On solvency for regional theme parks:
The first issue that they’re going to run into is their financial covenants. These are highly levered businesses. When you borrow, there are typically stipulations that you have to maintain. The problem with that is when your parks are shut down, your debt doesn’t change, but your profits go down dramatically. So the first order of business, I think, is going to be renegotiating these covenants. By my math, I think they would run into some issues for Cedar Fair and Six Flags probably by the end of June and for SeaWorld Entertainment (SEAS) probably by the end of July.
I do think their lenders are highly motivated to negotiate at this point. They don’t want to be owners of theme parks.

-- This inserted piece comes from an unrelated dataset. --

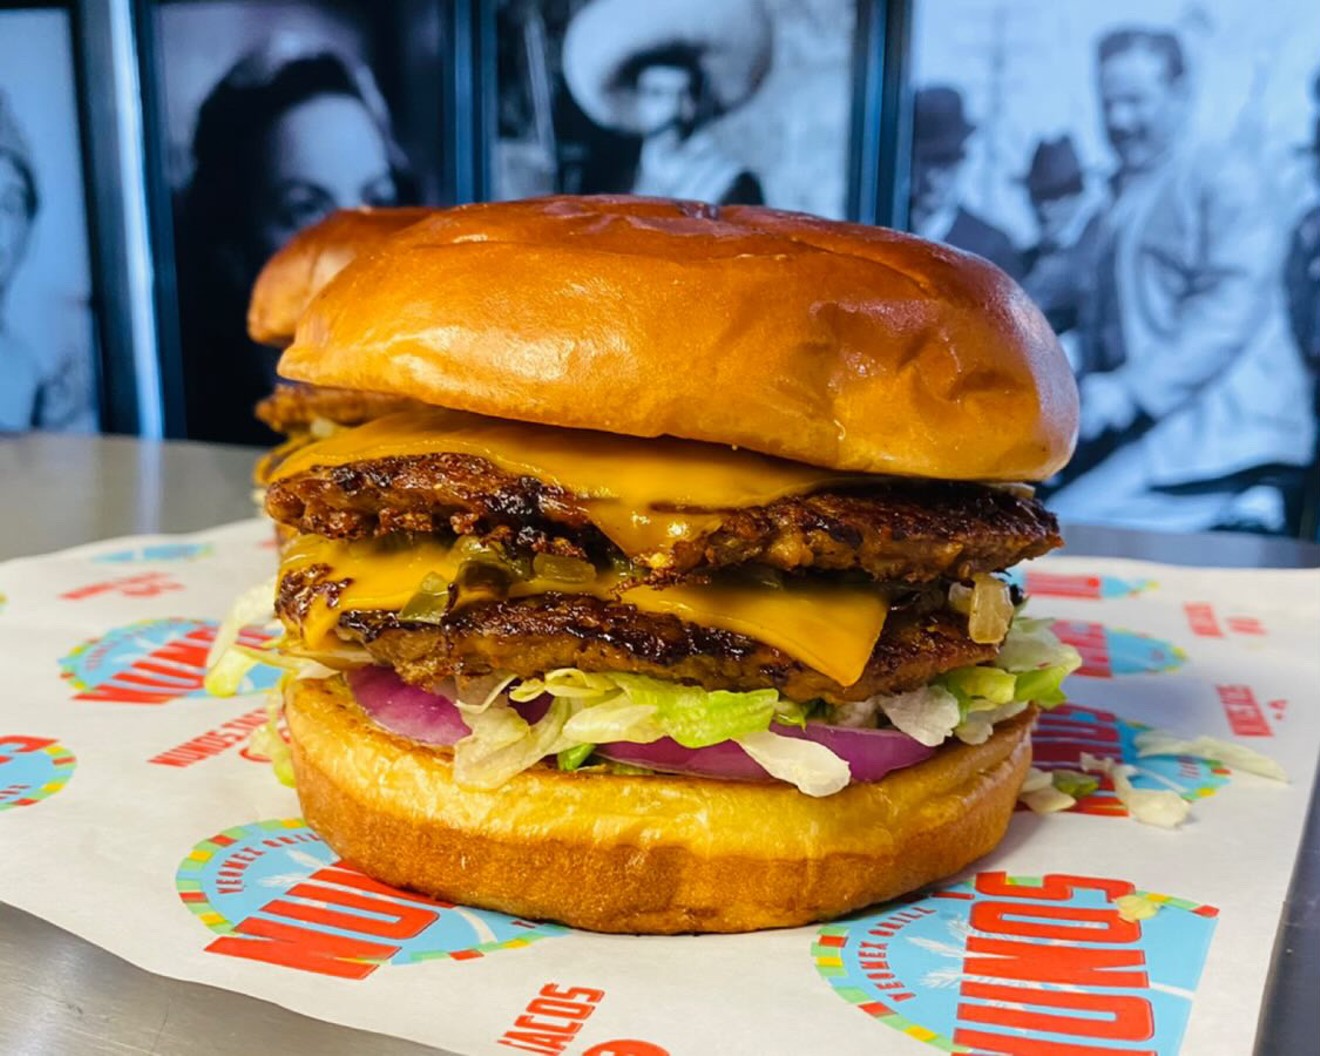 Try the signature Nuno's Vegmex burger double-pattied. It's layered with blankets of vegan cheese.
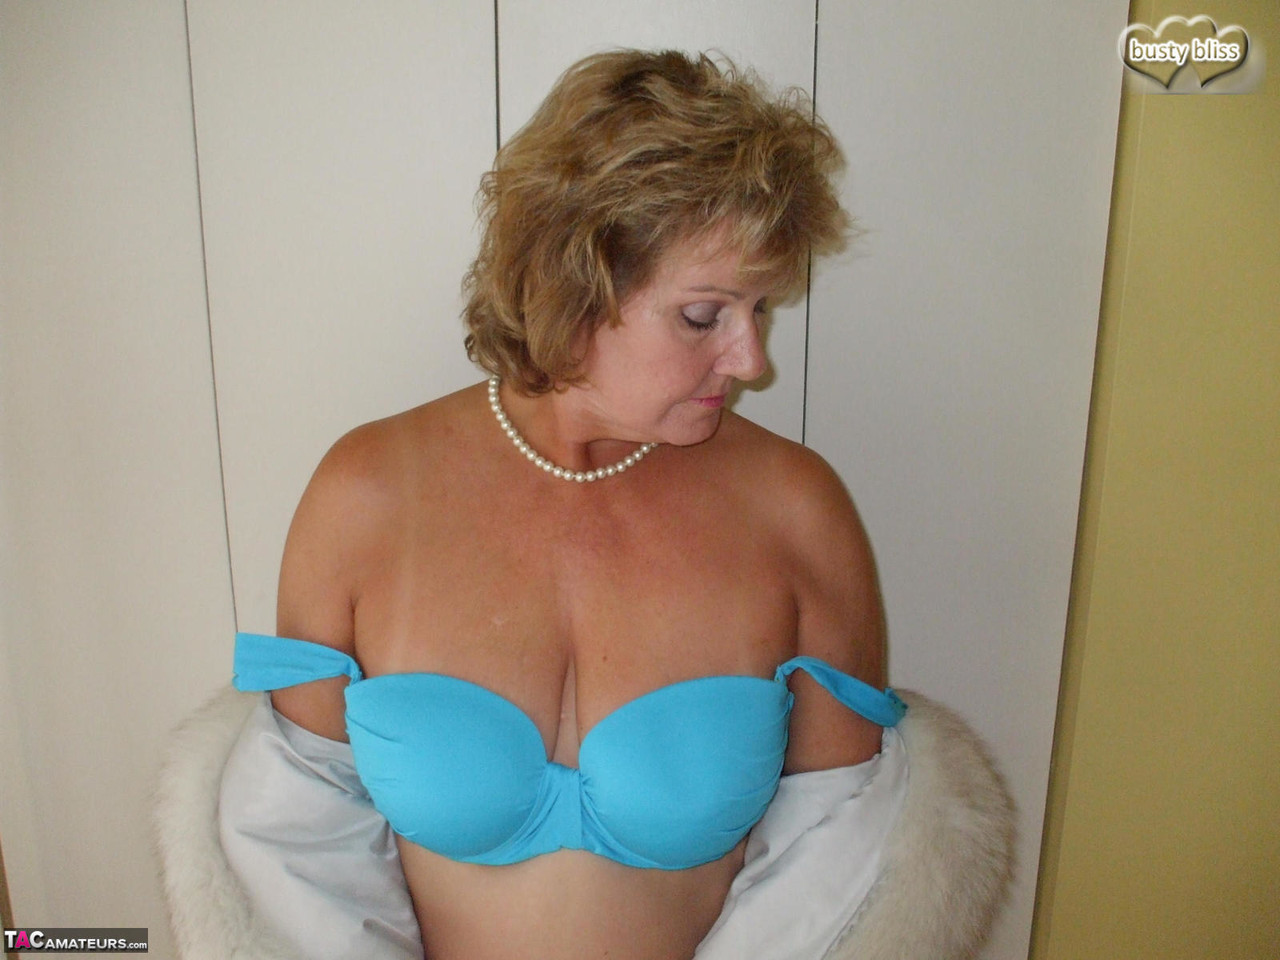 Solo granny Busty Bliss looses her tan lined tits from a fur coat 色情照片 #428156576 | TAC Amateurs Pics, Busty Bliss, Granny, 手机色情

The second issue would be a liquidity issue. At some point cash becomes a cash issue. Let’s say these parks don’t open in June or July. They’ve still got payroll, maintenance, and upkeep. They’ve got payments on existing debt. They’ve got capital expenditures that they’re contractually obligated to pay. Obviously they’re going to eliminate as much of those costs as they can. But eventually these guys are going to have to take on new debt. I think if they were to secure new debt, interest rates are probably going to be really high.